Из дома выходит довольная собой Оливия, и разливает чай по чашкам. Тем не менее, подойдя к Еноху, она немного колеблется, словно читает его мысли и знает, как сильно он мечтает о крепком черном чае с ложкой сахара. И никакой мяты. Но что-то Еноху подсказывает, что Оливия любит мятный чай так же, как он его терпеть не может, и очень хочет поделиться частичкой своей любви с ним, что так на неё похоже.

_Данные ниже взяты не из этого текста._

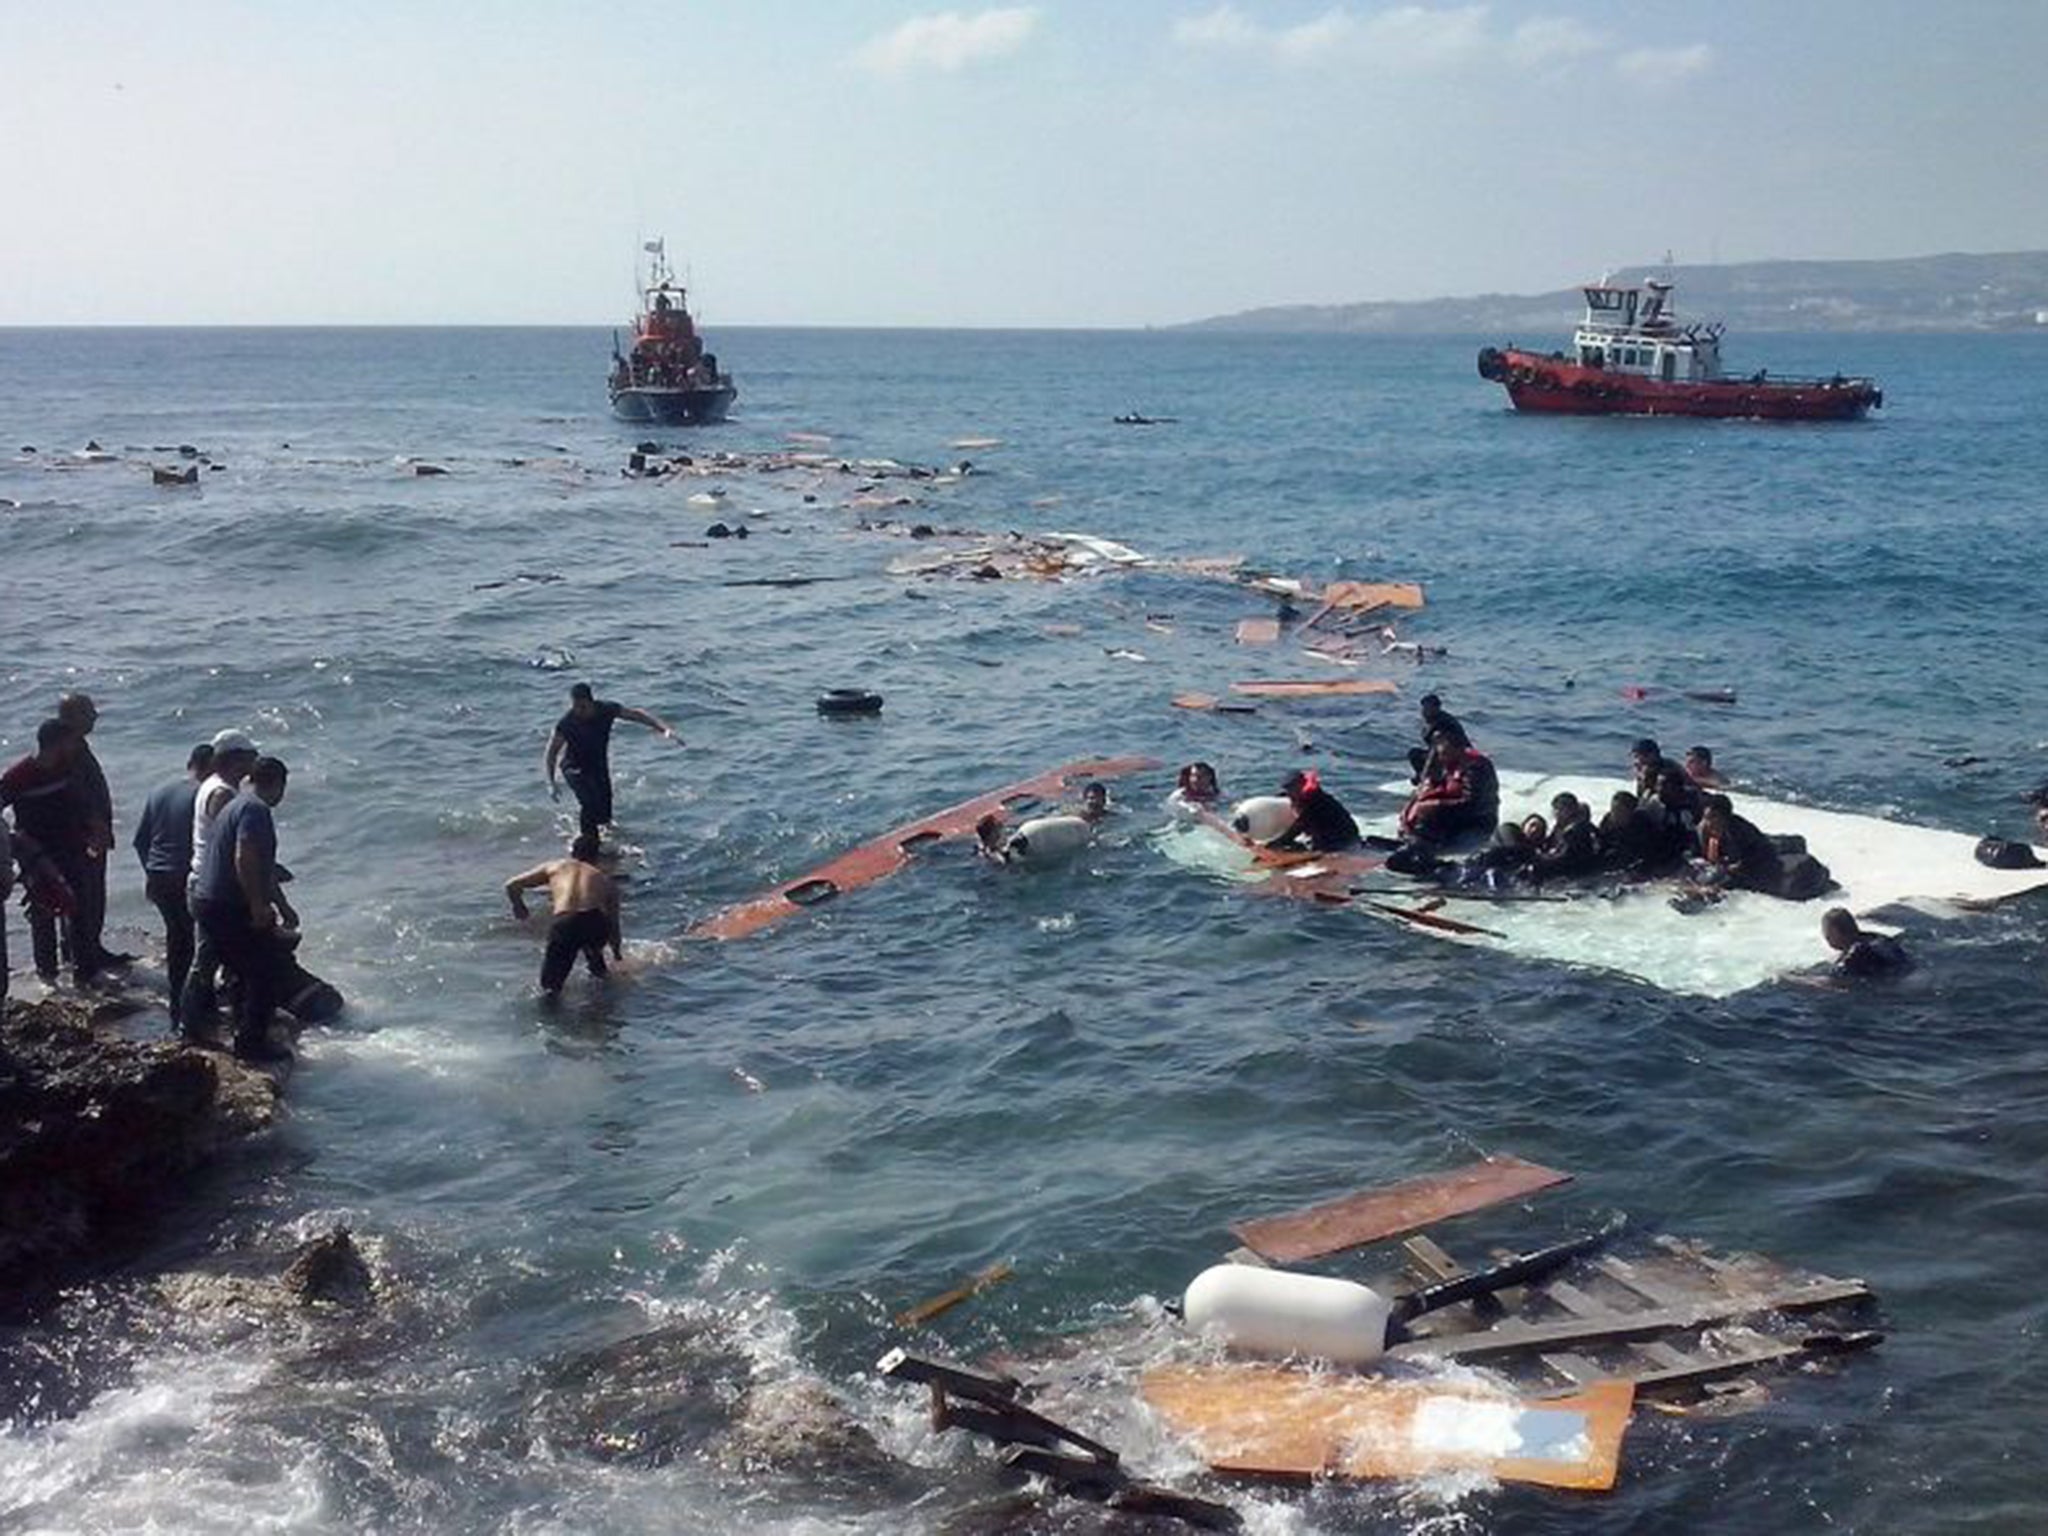 Survivors cling on to debris after the boat they were in ran aground at Zefyros beach in Rhodes on Monday

Первые минут тридцать все они сидят молча, маленькими глотками истребляя чай, ведь говорить им не о чем, разве что, обсуждать сны Горация, потому что только они постоянно меняются в этом бесконечном дне. Но чай в чашках заканчивается как раз к тому времени, когда зажигается одинокий светильник над их головами, который выхватывает из наступающей темноты лица четверых подростков (хотя, на звание подростка в полной мере здесь может претендовать только Джейк). Вот тогда и начинаются какие-то разговоры.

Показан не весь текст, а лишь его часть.